The Great

On March 12th the church honors and reveres one of the most dedicated early leaders of the church: Saint Gregory the Great, Bishop of Rome and Reformer of Liturgies.

Saint Gregory the Great (you can call him Greg) was born into an important family in the middle of the 6th Century who had long been converts, his grandfather having been Pope when he was young and full of dreams. Saint Gregory was born into great wealth, had the benefit of a world-class (for the time) education, and became a Prefect of Rome (basically an Alderman), was in the Roman Senate, and proved that ambition and the roll of the privilege dice were all that were needed to be in the seat of power.

And then his father died.

In the shadow of this death, something happened to Saint Greg and he decided to not only become a monk, but turn his family home into a monasttery and give most of his inheritance to the poor.

Saint Gregory was ordained and was sent to Constantinople, learned about the church in the East, and then returned to Rome to become the personal counselor of Pope Pelagius II. While in Rome a plague devestated the city killing masses, including Pope Pelagius.

Once again Saint Greg would be called to take the seat of power, becoming Bishop of Rome in short order, but not being consecrated for a bit because the church of the East had to first give its blessing. While he waited to assume the miter Saint Greg kept himself busy by personally tending to the sick and dying in Rome, leading the people there in prayer for release and relief.

As if the plague wasn’t enough, in 592AD the Lombards besieged Rome. Because so many of the civil leaders had died of the rampant sickness, Saint Greg was the one to rally the people to defend the city and contribute to the rebuilding through a yearly tax.

Saint Greg basically became a real-day superhero for many in Rome. Civil government had failed. Appeals for help from others (looking at you Byzantine Empire) had failed.

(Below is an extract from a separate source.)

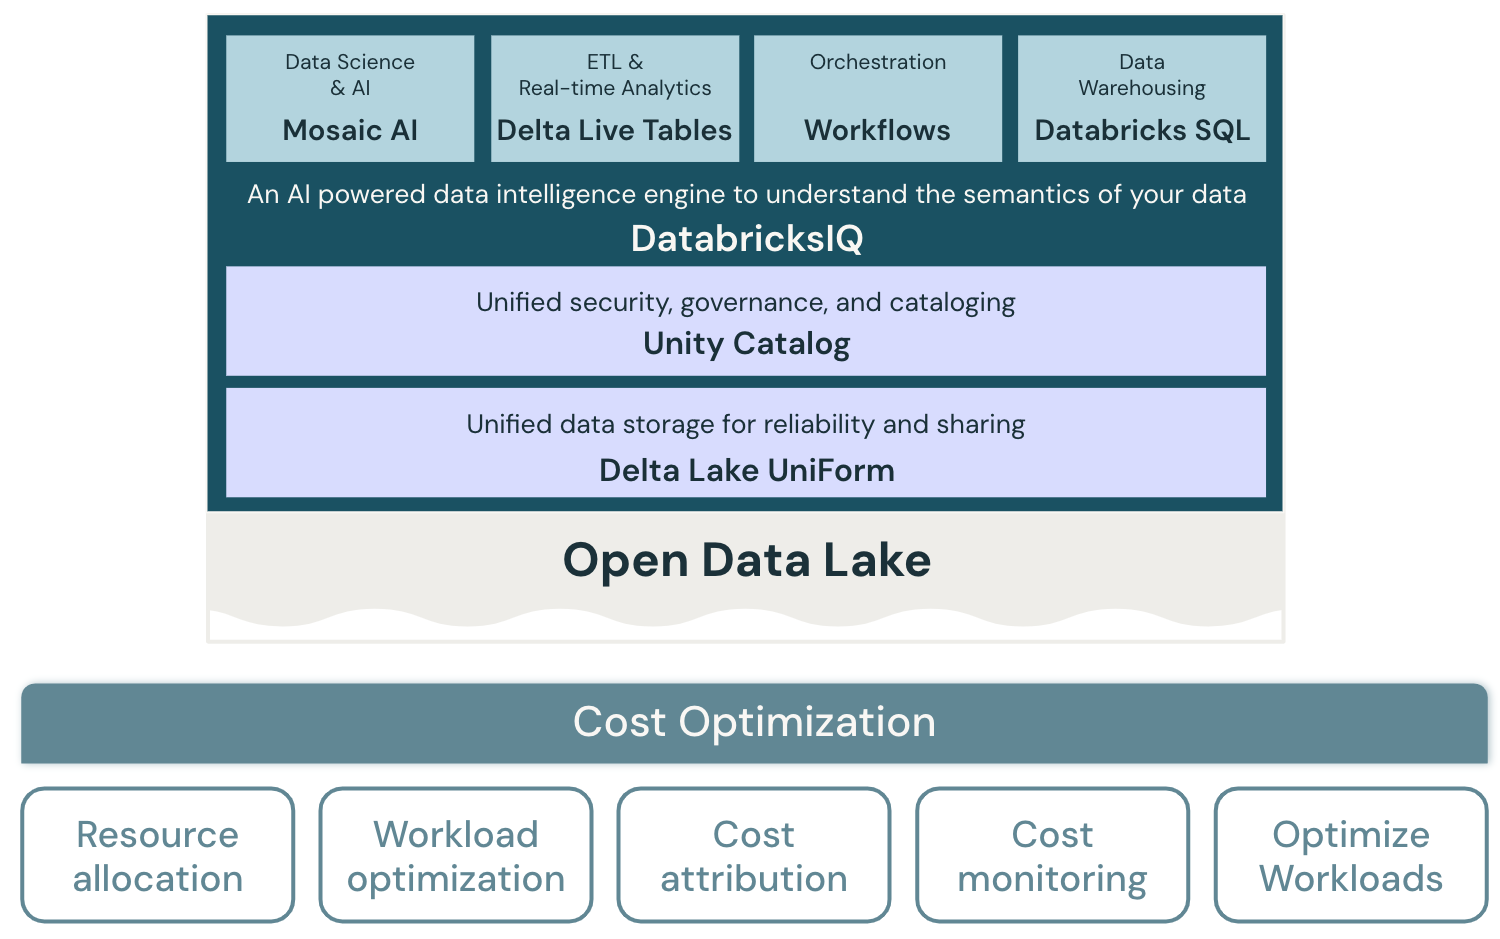 Cost optimization lakehouse architecture diagram for Databricks.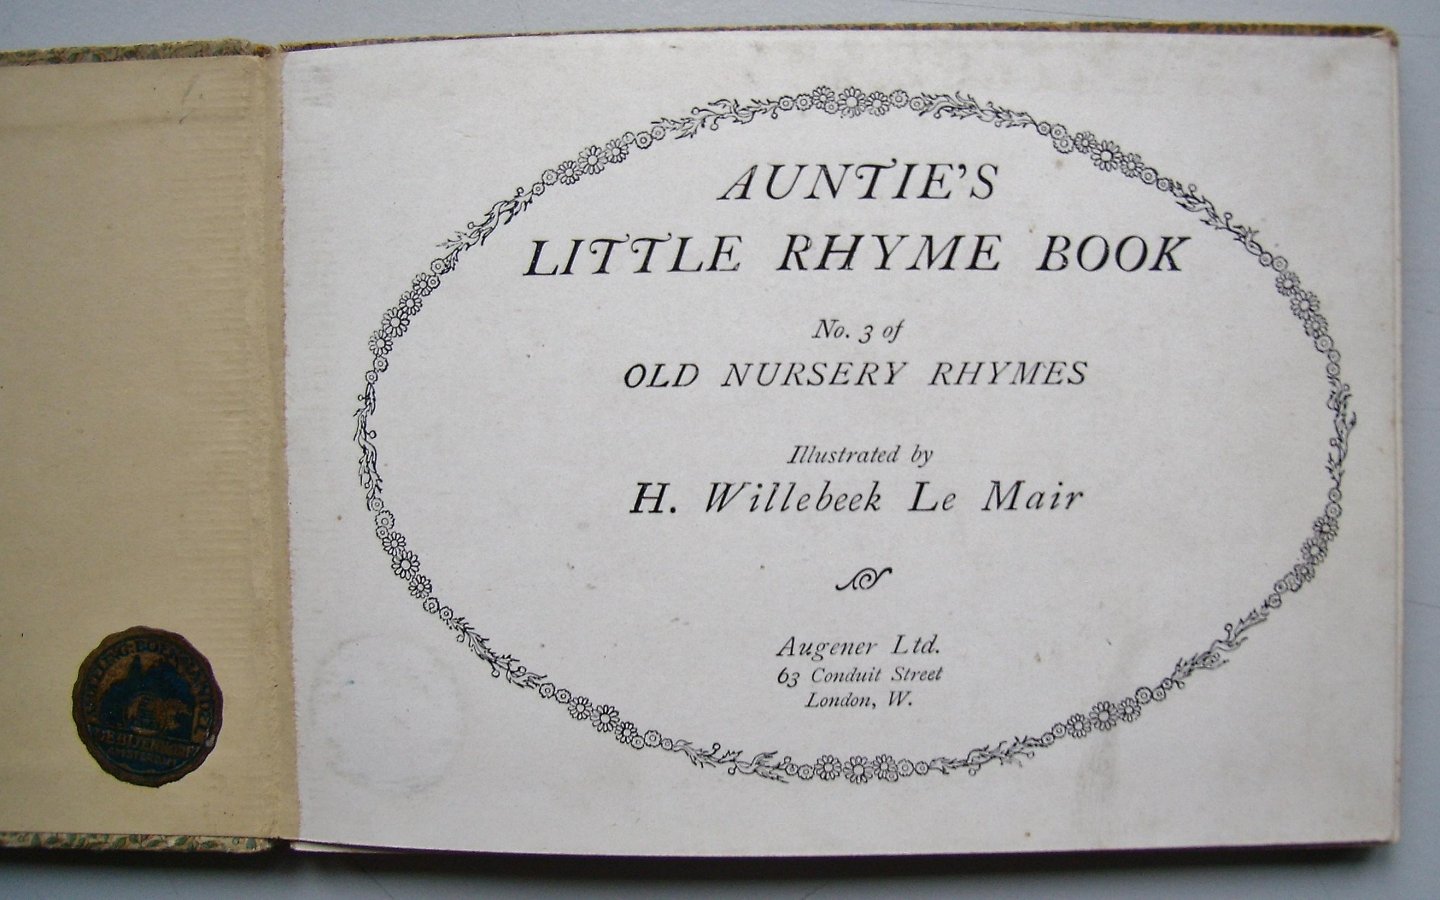 Willebeek le Mair, H. (ill.) - Auntie's little rhyme book / old nursery rhymes no. 3

Saint Gregory had empowered them to succeed and get through it.

And not only that, Saint Gregory the Great had done it with care and compassion for the poor and calls for justice for the needy. He instituted liturgical reforms, even presiding at a variety of parishes himself, writing chants and prayers (you know them as “Gregorian”), calling for the Alleluia to be sung except during Lent (you have him to blame), changing the second petition of the Kyrie to “Christ have mercy…,” reminding priests that their sermons needed to be timely and good, and to cap it off he stuck the Lord’s Prayer to the spot in the Mass where it currently remains during the Eucharistic rite.

He was busy. He claimed that he saw himself as the “servant of the servants of God.” Not a bad way of looking at the office, no?

But for those of us who come from the Isles, we know of Saint Gregory mostly because it was the missionaries he sent who decided to talk about Jesus in the frigid north of Briton.

Saint Greg was not particularly brilliant (relatable content), nor was he supremely profound (ditto), but he was known as sincere and masterful at understanding how power can both trample the people or elevate them, and he chose to elevate them.

Though he described himself as “sickly” his entire life, and said he longed to live as a simple monk somewhere in the countryside, he lived a very robust and public life until his death on this day in the year 604AD. Though our Roman siblings honor him in September (so as to avoid his feast during a potentially penitential season), Lutherans prefer to honor him today.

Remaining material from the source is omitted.